Have you also filed for spousal support.

What state are you in? I'm asking because we might be able to do some research and find you legal help... like a local legal aid, on-line court self-help, etc.


----------



## Pstarpen (Sep 9, 2013)

Thank you:'( I'm in louisiana he is in texas


----------



## treyvion (Apr 29, 2013)

Pstarpen said:


> I already filed for child support, don't think he's received it yet, bu he told me to. He also told me to file for divorce, but I don't have any money. I am 30, he is 22


The age gap is not that big of a deal, but it's the age he's around. That 21-25 thing on a male, they are going to do what they do in that age. He's going to be highly irresponsbile and this is the tip of the iceberg. You may just unload and move on with your life. The cycle he's in is a BEAST. 

It could go on until his early 30's and several near death experieinces. Who his friends group are and what they are doing is important.


----------



## Pstarpen (Sep 9, 2013)

I just looked up some advice on divorcing interstate, it won't be easy with no money. I could possibly petition the courts to waive fees, as long as we both agree there is nothing of value to split, also with kids it's harder. Living I'd separate states also prevents the "free" divorce, since I would have to hire someone to file for me on my behalf in Texas, or he do the same.
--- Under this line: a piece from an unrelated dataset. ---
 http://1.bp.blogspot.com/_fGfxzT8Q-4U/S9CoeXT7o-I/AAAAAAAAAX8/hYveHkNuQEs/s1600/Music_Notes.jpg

Ugh.....I guess I'm married to this guy for some time. What a mistake.


----------



## EleGirl (Dec 3, 2011)

You have to be a resident of Louisiana for 12 months before you can file for divorce there.

You could file in Texas. Here is the Texas self help site.

TexasLawHelp.org

I read your other thread. It does not sound like you will get much more than child support because your husband is not earning enough to be able to help you out that much.
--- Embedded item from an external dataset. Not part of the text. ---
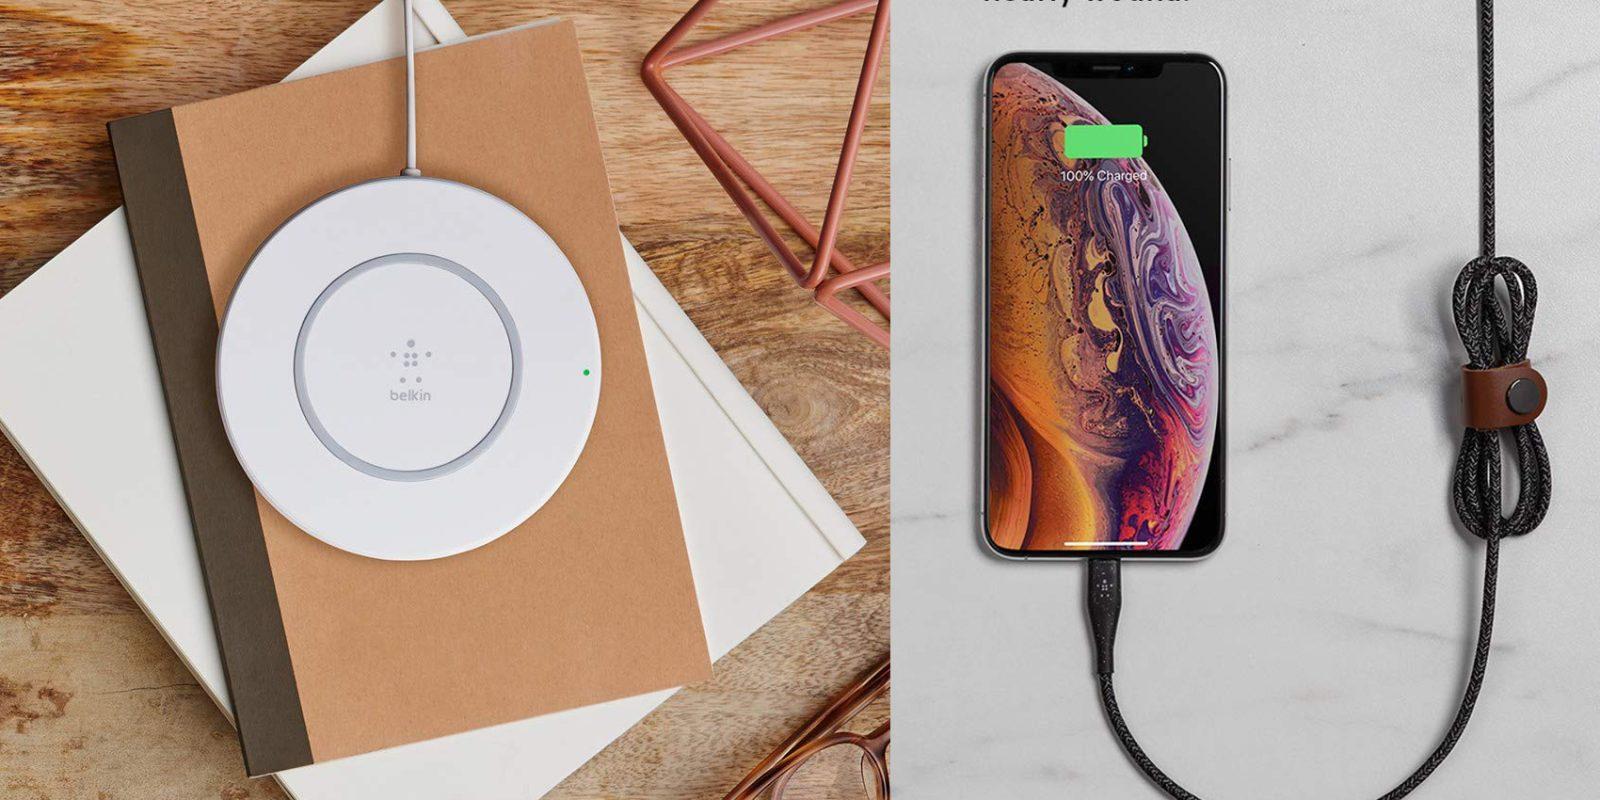 Amazon wireless charging accessory sale from $12: Belkin, mophie, iOttie, more

Since you have also been physically abusive of him, I suggest even more strongly that you find a local domestic abuse organization and get counseling. You seem to have some very serious problems yourself. YOu need to learn to not be violent with your partner. And it seems you have a lot about yourself to fix.

There is now way the two of you should get back together right now. You are physically abusive and he is emotionally abusive. Get the help you need to fix yourself. Your children do not deserve to be exposed to this sort of craziness.

You can change.


----------



## EleGirl (Dec 3, 2011)

Pstarpen said:


> I just looked up some advice on divorcing interstate, it won't be easy with no money. I could possibly petition the courts to waive fees, as long as we both agree there is nothing of value to split, also with kids it's harder. Living I'd separate states also prevents the "free" divorce, since I would have to hire someone to file for me on my behalf in Texas, or he do the same. Ugh.....I guess I'm married to this guy for some time. What a mistake.


Is there anyone you can stay with in Texas just long enough to go there and file, then go back for any necessary court hearings? If you both agree to the divorce there might not need to be a court hearing.


----------



## Pstarpen (Sep 9, 2013)

No, there is no money or way for me to get back to Texas. I'm screwed.


----------



## scatty (Mar 15, 2013)

Go to court and request temporary child support and exclusive use of the marital home (even if it is a rental) NOW!


----------